В огромном зале совещания — атмосфера молодой беспечности и самоупоенности:

В подобного усердного пахаря обращался он, мне кажется, и в тогдашних занятиях за письменным столом.

О так называемом «деле» Винницкого подполья я впервые услышал от самого П.П.Вершигоры. Что побудило его к такой все-таки неординарной откровенности?

Возможно, чету Вершигора поначалу расположила к себе наша бездомность.

Уже в одну из первых встреч, сочувственно моргая, чтобы не смутить взглядом дохаживающую девятый месяц жену, Петр Петрович поинтересовался:

— А куда же вы собираетесь привезти ребенка?

Несмотря на протесты замахавшей руками виновницы внимания, я рассказал забавную историю своих отношений с местным начальством.

В отличие от других новоприбывавших собкоров центральных газет нас уже больше года томили и мариновали в гостинице. Без всяких перспектив на получение жилья. Хотя обычно в таких случаях квартиру давали немедля и по высшему разряду.

Загадочную ситуацию с неприкаянным корреспондентом очень скоро раскусили маленькие гостиничные начальники. Главный администратор, бывший энкавэдэшник, верткий чернявый человечек, похожий на черта из табакерки, буквально травил нас. Под угрозой двойной оплаты он постоянно перегонял бездомных постояльцев с места на место, заставляя, как верблюдов, перетаскивать весь громоздкий и многообразный скарб с этажа на этаж. Так продолжалось уже год и два месяца.

— Вот ведь что делают! — громко возмутилась Антонина Семеновна.

— Подожди, подожди, Оля! — успокоил ее Петр Петрович. — Ну и как вы добиваетесь? Были вы у первого?
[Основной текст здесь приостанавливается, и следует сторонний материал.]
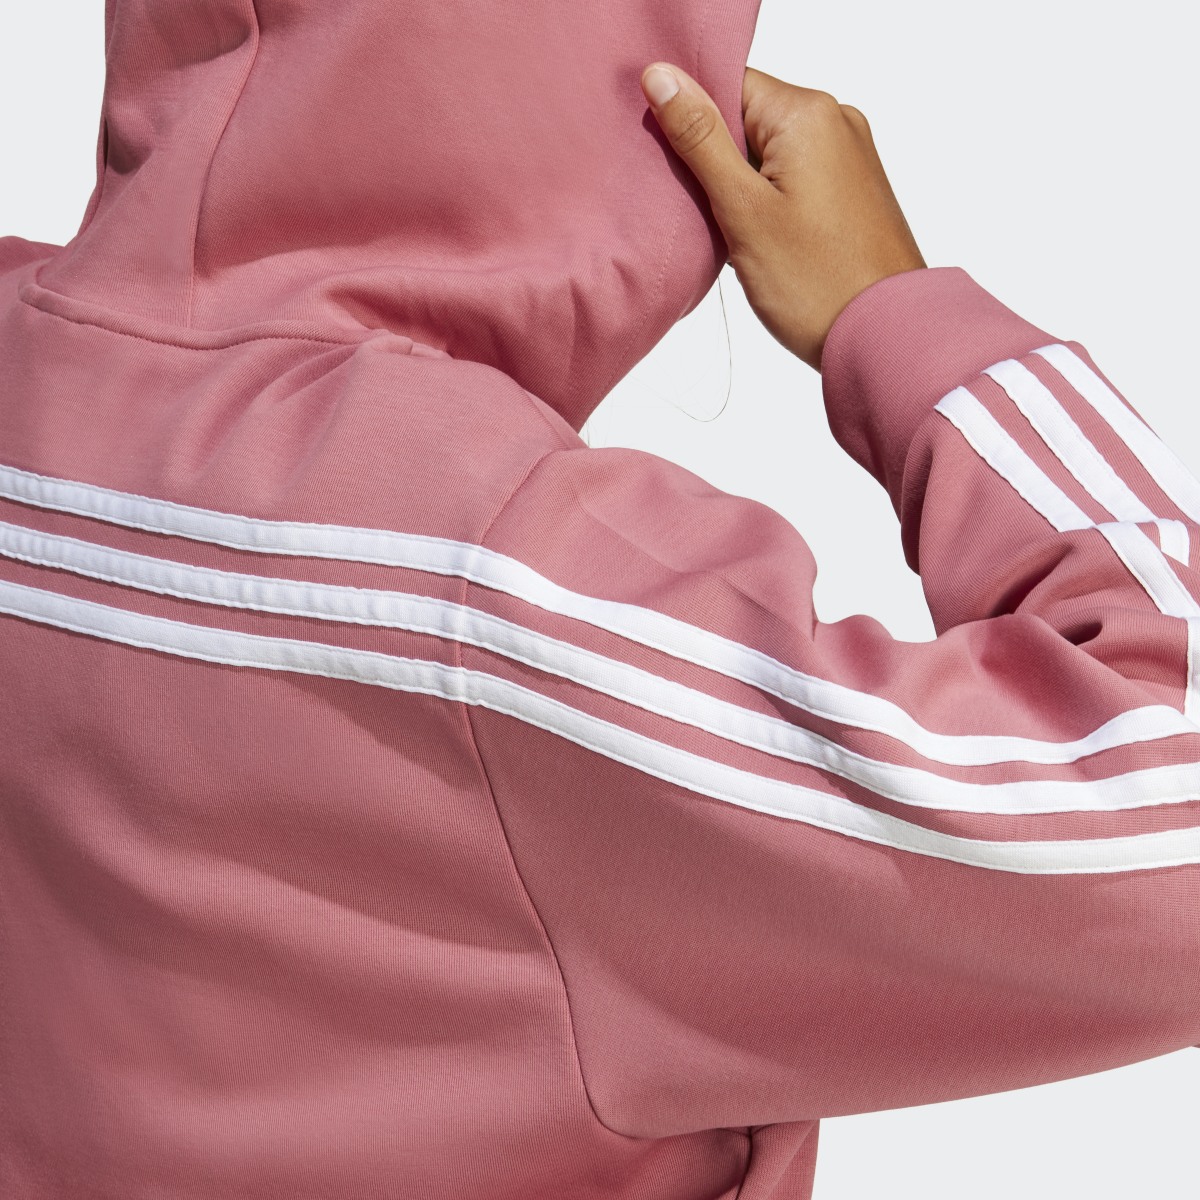 Adidas Future Icons 3-Stripes Full-Zip Hoodie. 7

Конечно, я был и у первого, и у последнего. Но М.Т.Ефремов, сумевший расправиться позже даже с самим новоиспеченным Героем Соцтруда начальником Гидростроя Комзиным, повидал и не таких, как я. А он-то и был скрытой пружиной происходившего.

Появившись в Куйбышеве, я, на свою беду, приохотился писать фельетоны. А никакого вынесения сора из избы здешний правитель не терпел. После одной особенно задиристой статьи М.Т.Ефремов, по внешности устроивший мне самый разлюбезный кабинетный прием, столь же любезно в финале сообщил, что квартиру в Куйбышеве мне в ближайшие годы, к сожалению, предоставить не смогут, так как в очереди на жилье давно уже стоят нефтяники, сталевары и т. д. Сталеваров в этом поволжском центре, правда, отродясь не водилось. Но это уже другое дело.

Ситуация заинтересовала Петра Петровича.





Расспросы продолжались. Пришлось выложить и некоторые факты биографии. Я признался, что сын «врага народа». Отец отбыл десять лет лагерей и ссылки и только недавно после реабилитации получил возможность вернуться в Москву. По счастливому стечению обстоятельств, окончание Московского университета произошло через три месяца после смерти Сталина и в момент ареста Берии. В результате я не был отослан школьным учителем куда-нибудь к черту на кулички, а допущен к работе в «идеологии». По распределению трудился в областных газетах Марийской Республики. А теперь вот даже взят в центральную «Литературную газету»!!. Так что здешние происшествия — пустяки. Дают или не дают квартиру — не так уж важно, как-нибудь обойдется, устроится.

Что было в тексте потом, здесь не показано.